● Dataset entries

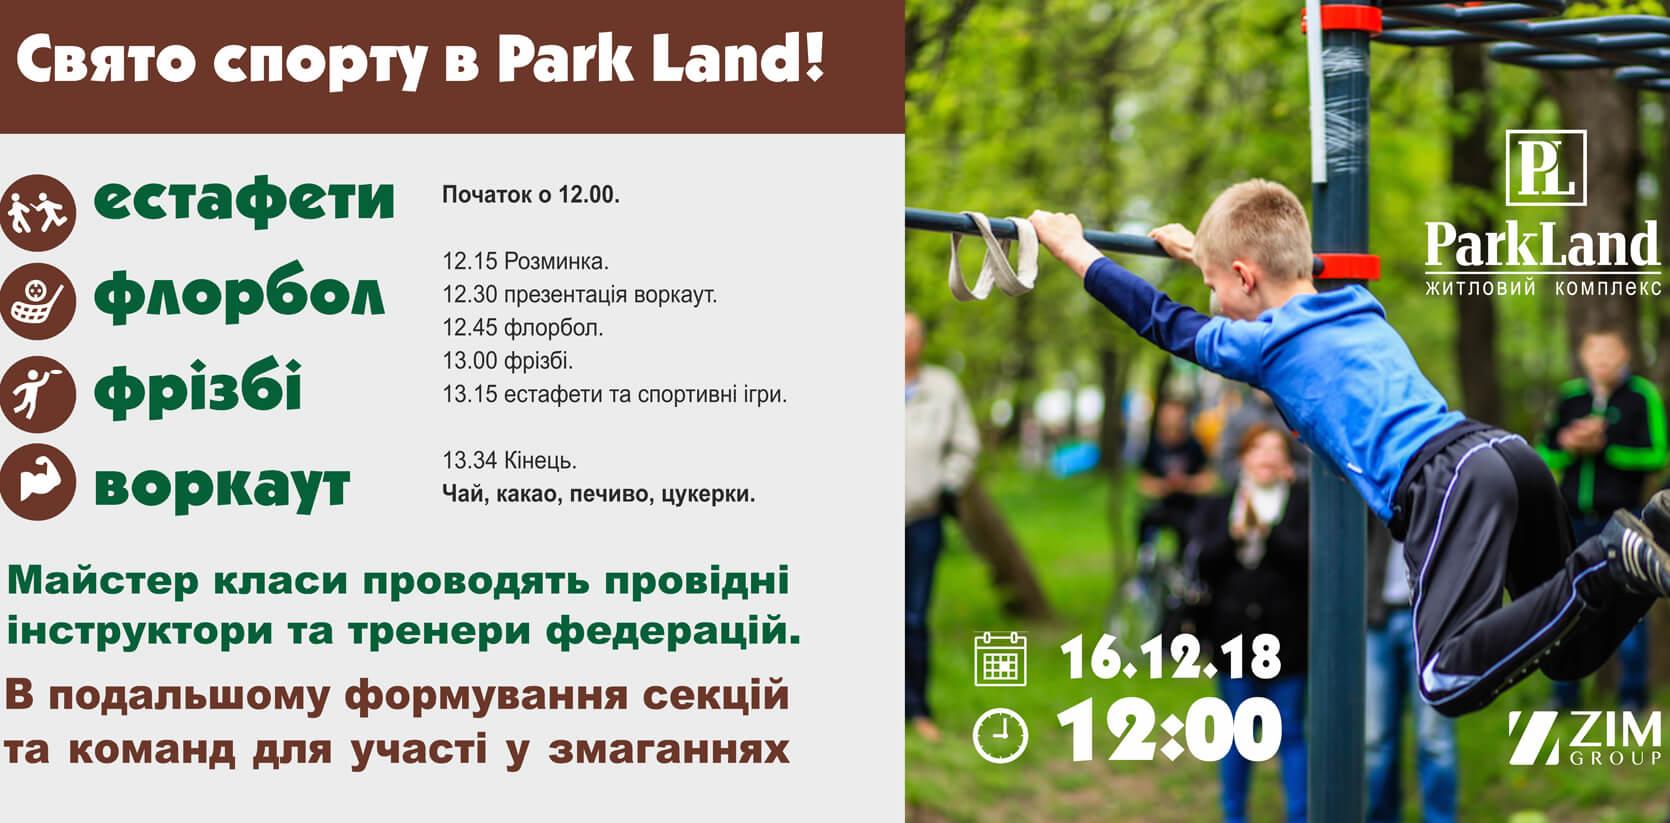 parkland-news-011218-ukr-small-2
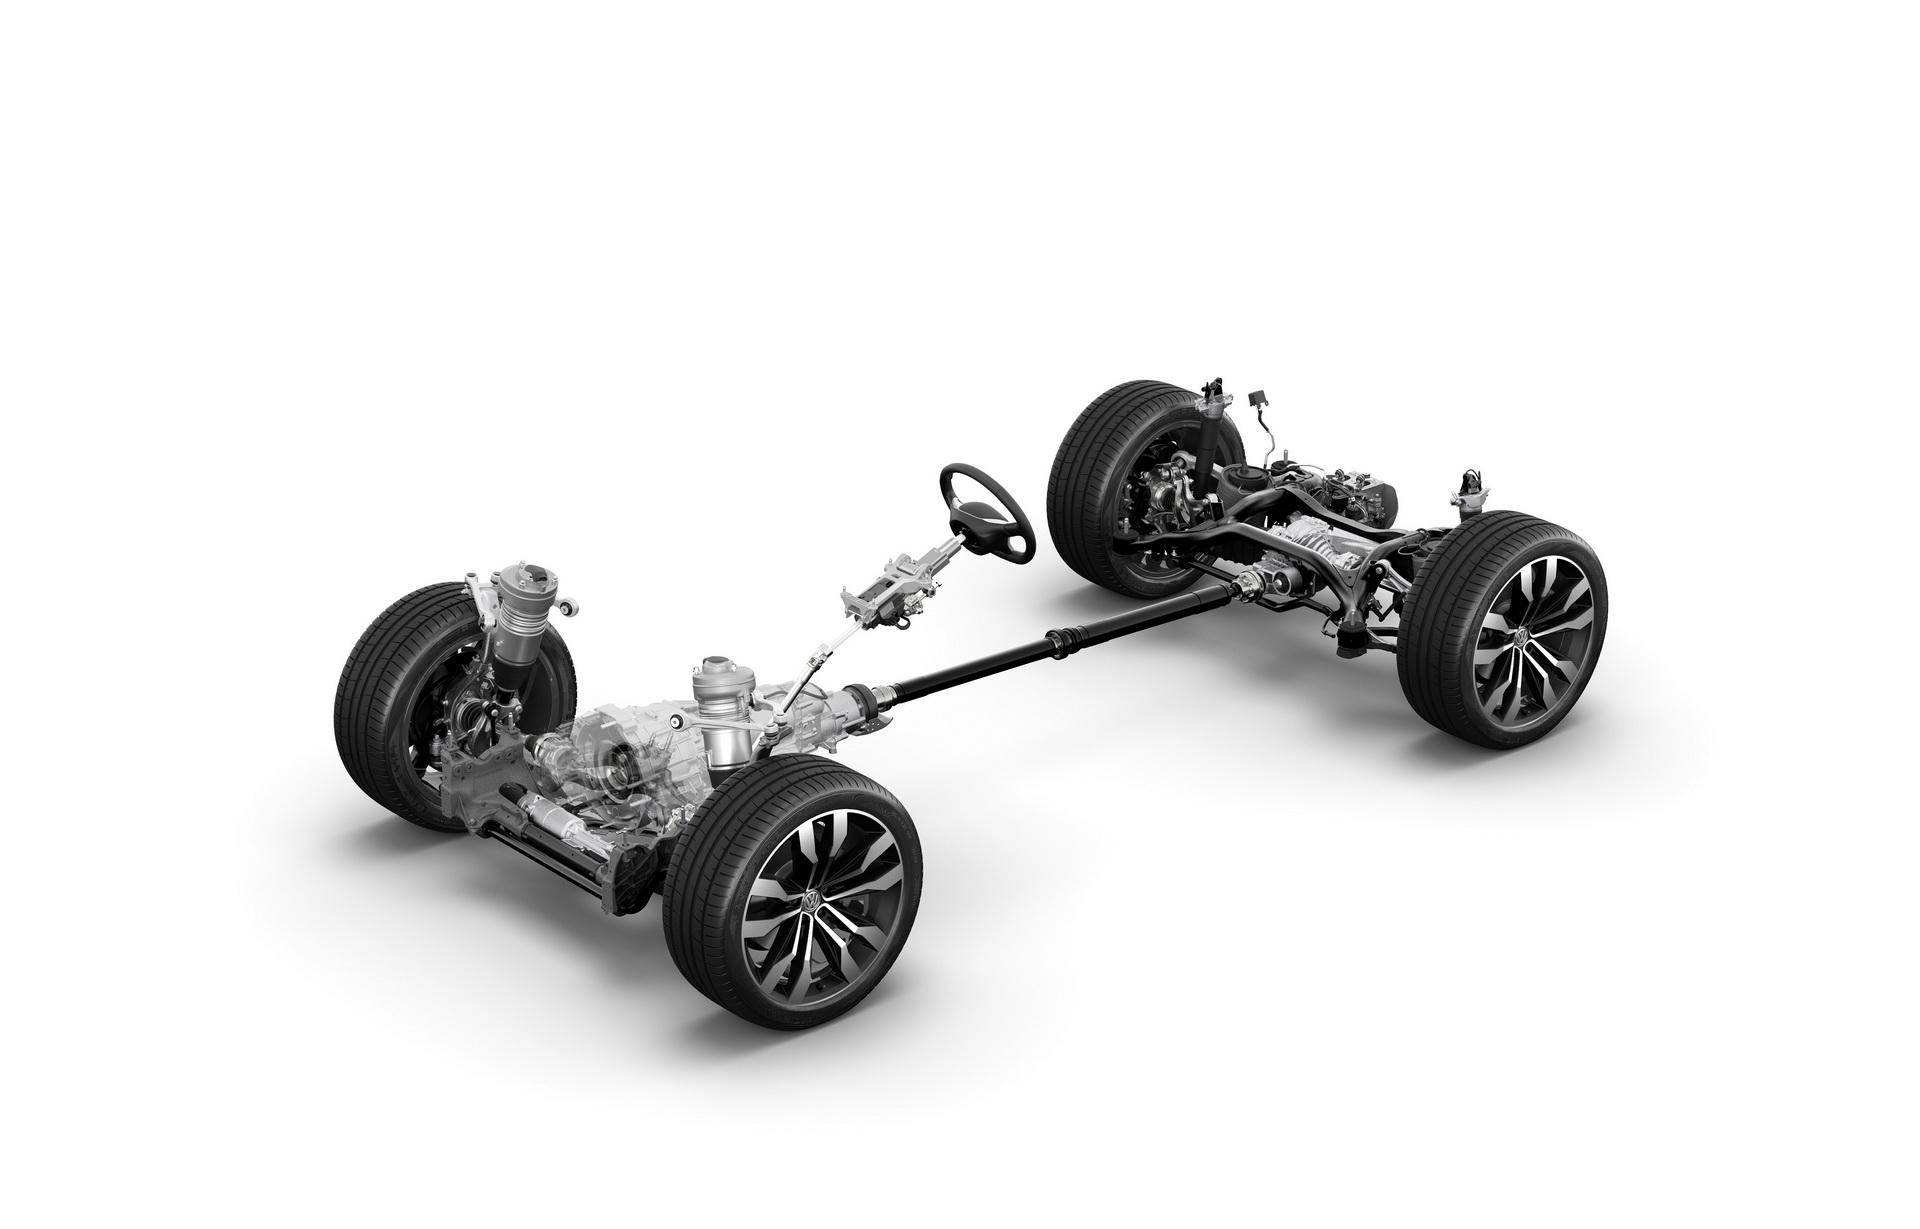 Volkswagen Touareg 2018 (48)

--

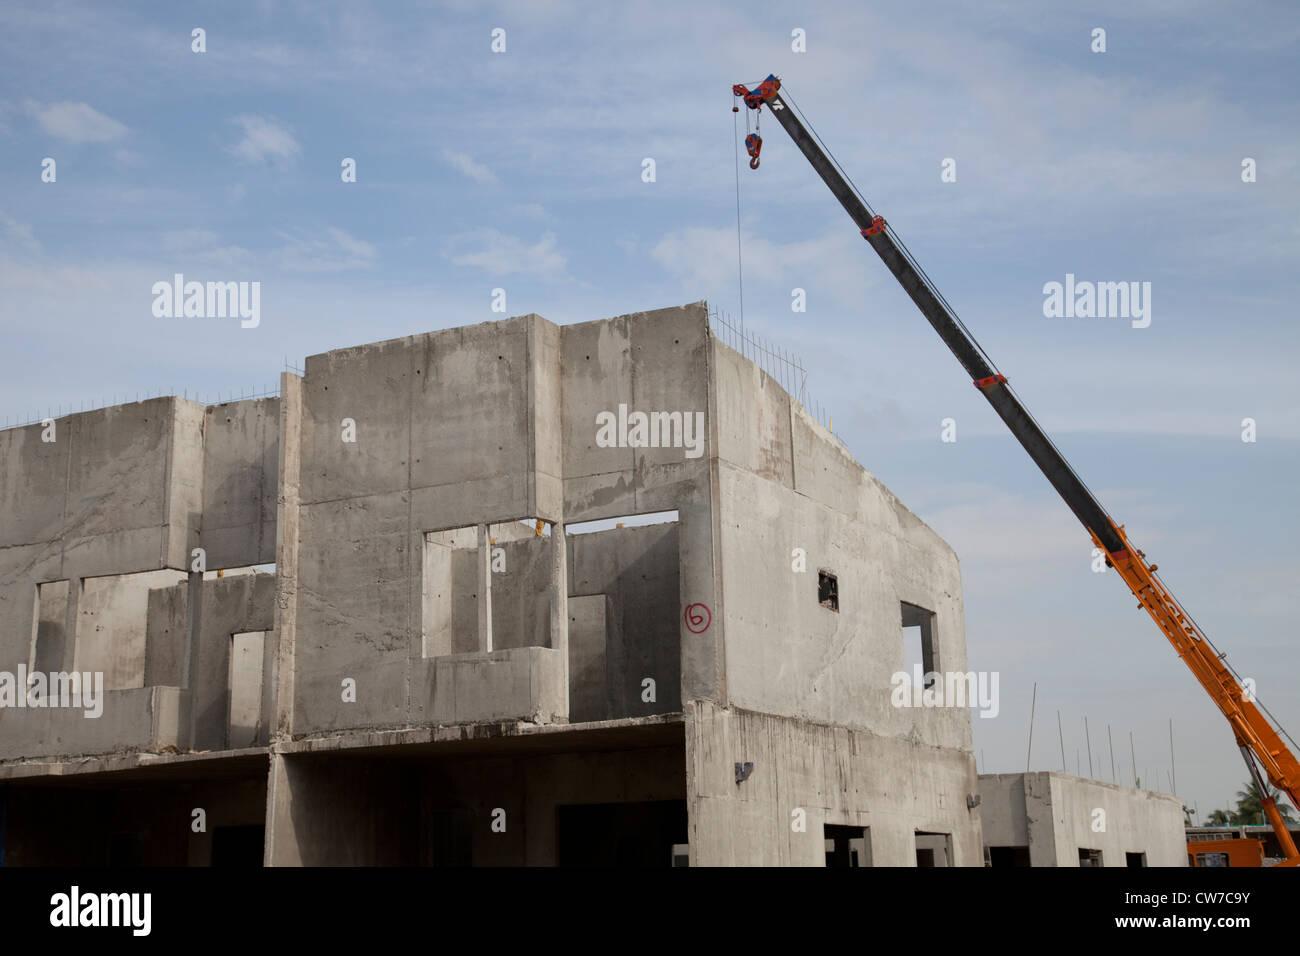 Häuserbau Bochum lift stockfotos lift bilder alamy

● Aim of the exercise
Would you set down only the lines above from the line with "parkland-news-011218-ukr-small-2" to the line with "Volkswagen Touareg 2018 (48)", both included, exactly as they stand and without the pictures?

● Response
 parkland-news-011218-ukr-small-2
 Volkswagen Touareg 2018 (48)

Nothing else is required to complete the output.